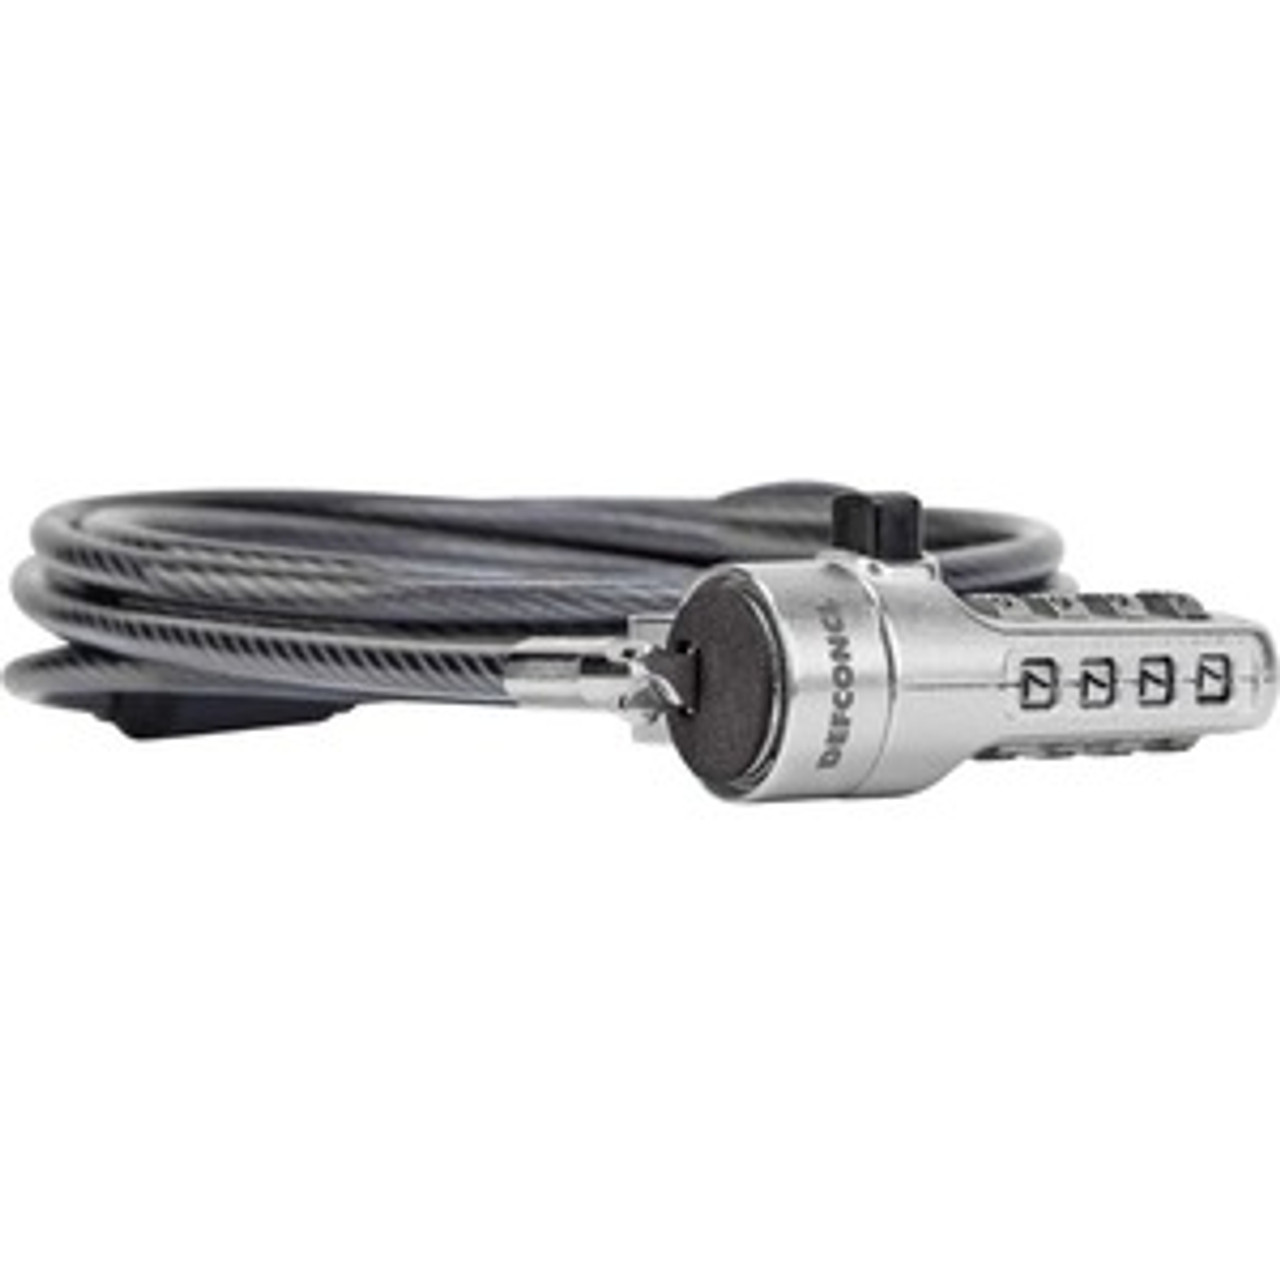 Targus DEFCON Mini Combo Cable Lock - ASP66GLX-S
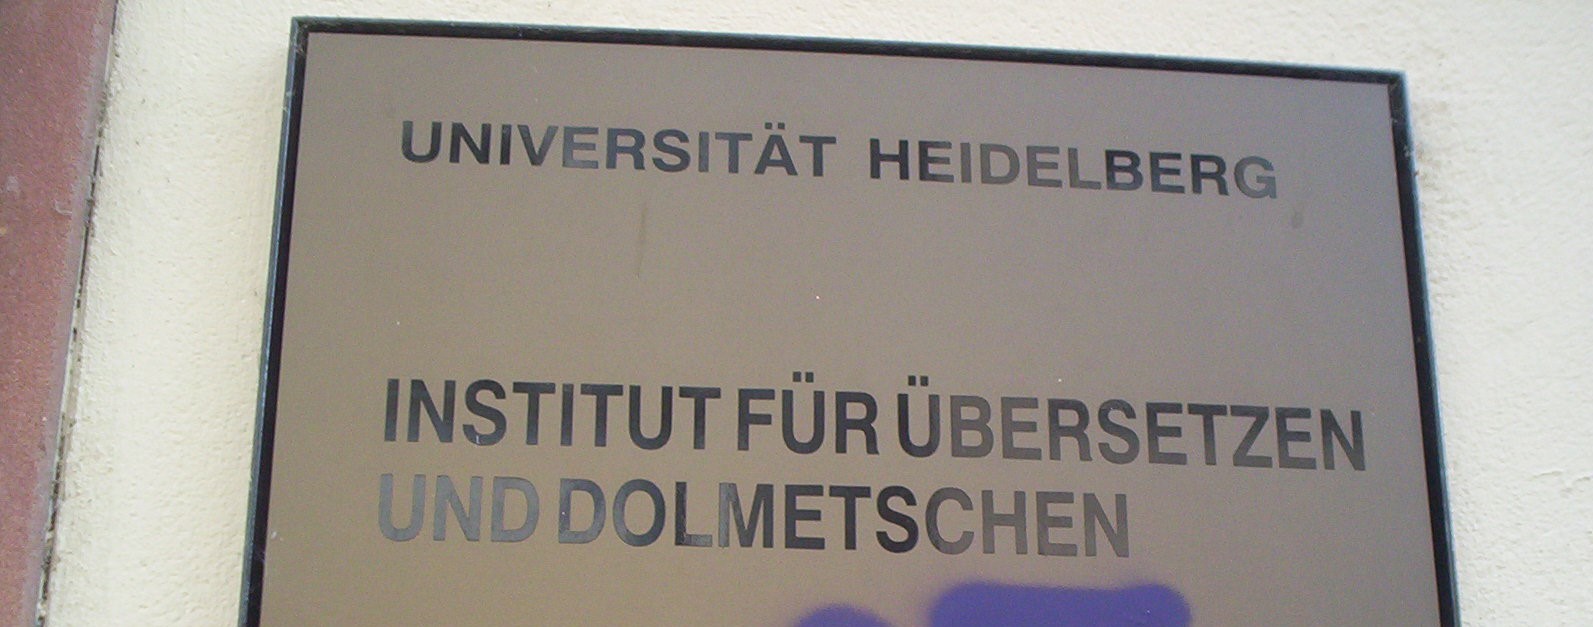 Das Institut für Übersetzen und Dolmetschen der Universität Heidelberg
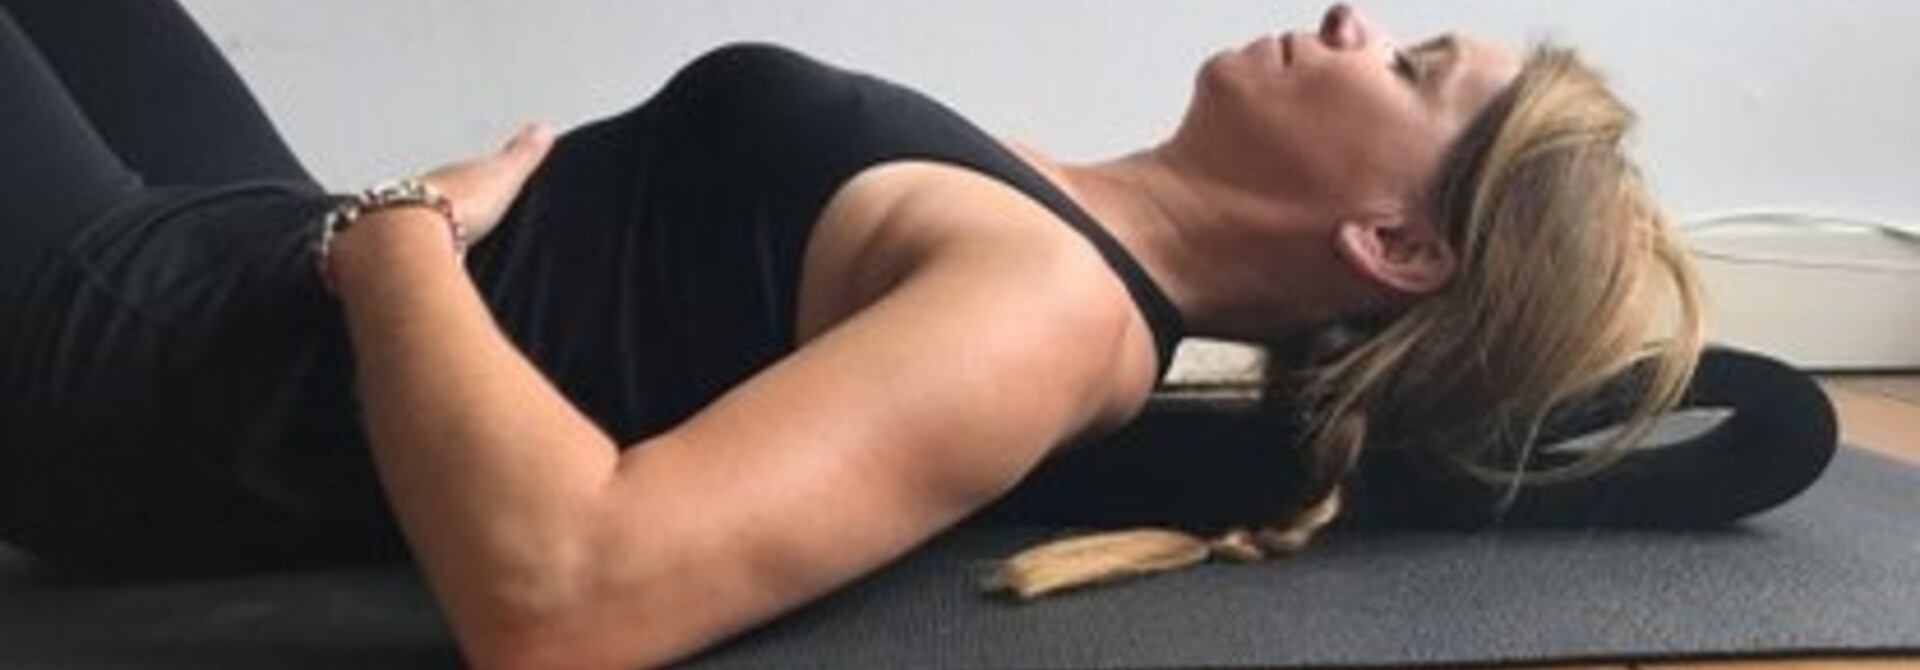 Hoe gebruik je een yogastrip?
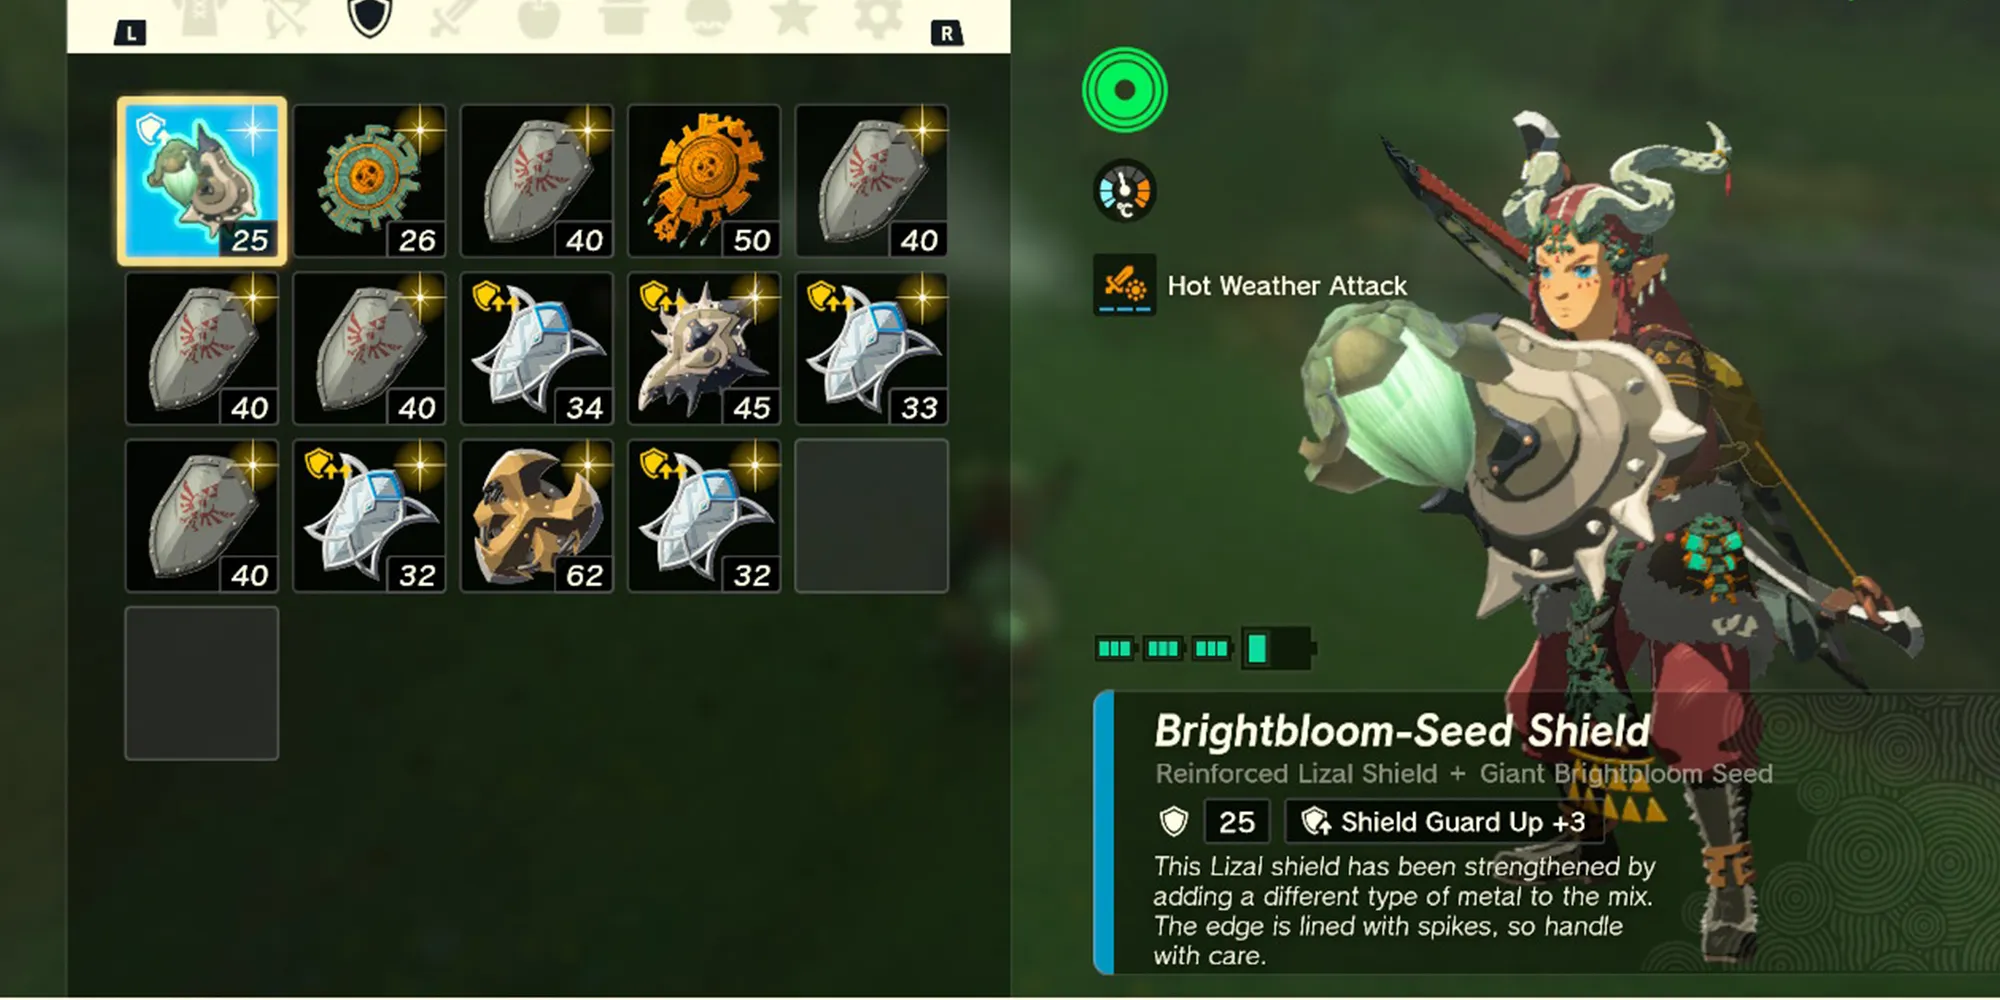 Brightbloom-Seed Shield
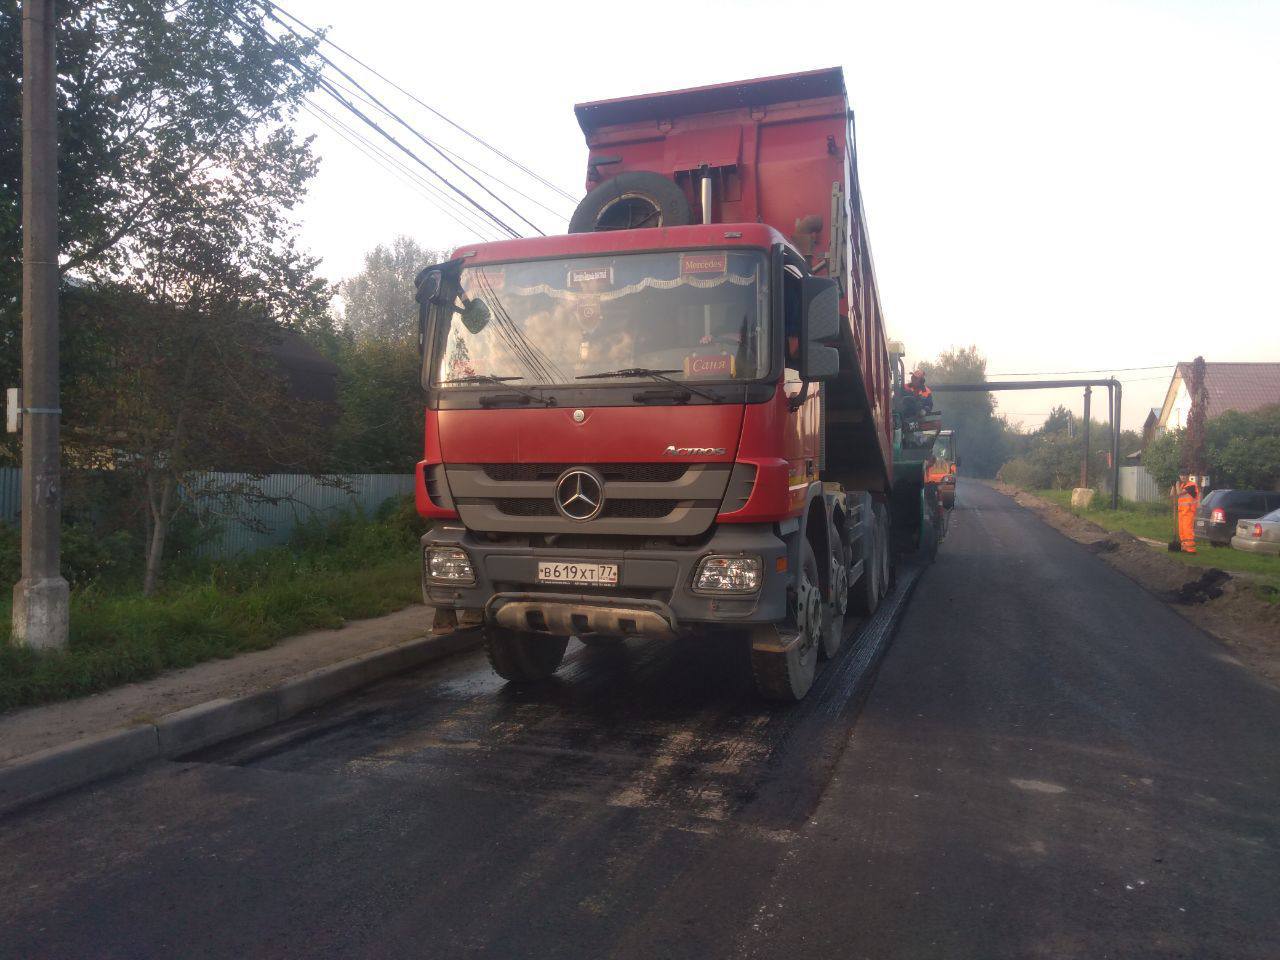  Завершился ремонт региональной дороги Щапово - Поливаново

..............................

_What the task requires_
Exactly as written, set down the lines from the line holding "Brightbloom-Seed Shield" to the last line of the data, both ends included, pictures excluded.

_Written response_
 Brightbloom-Seed Shield
  Завершился ремонт региональной дороги Щапово - Поливаново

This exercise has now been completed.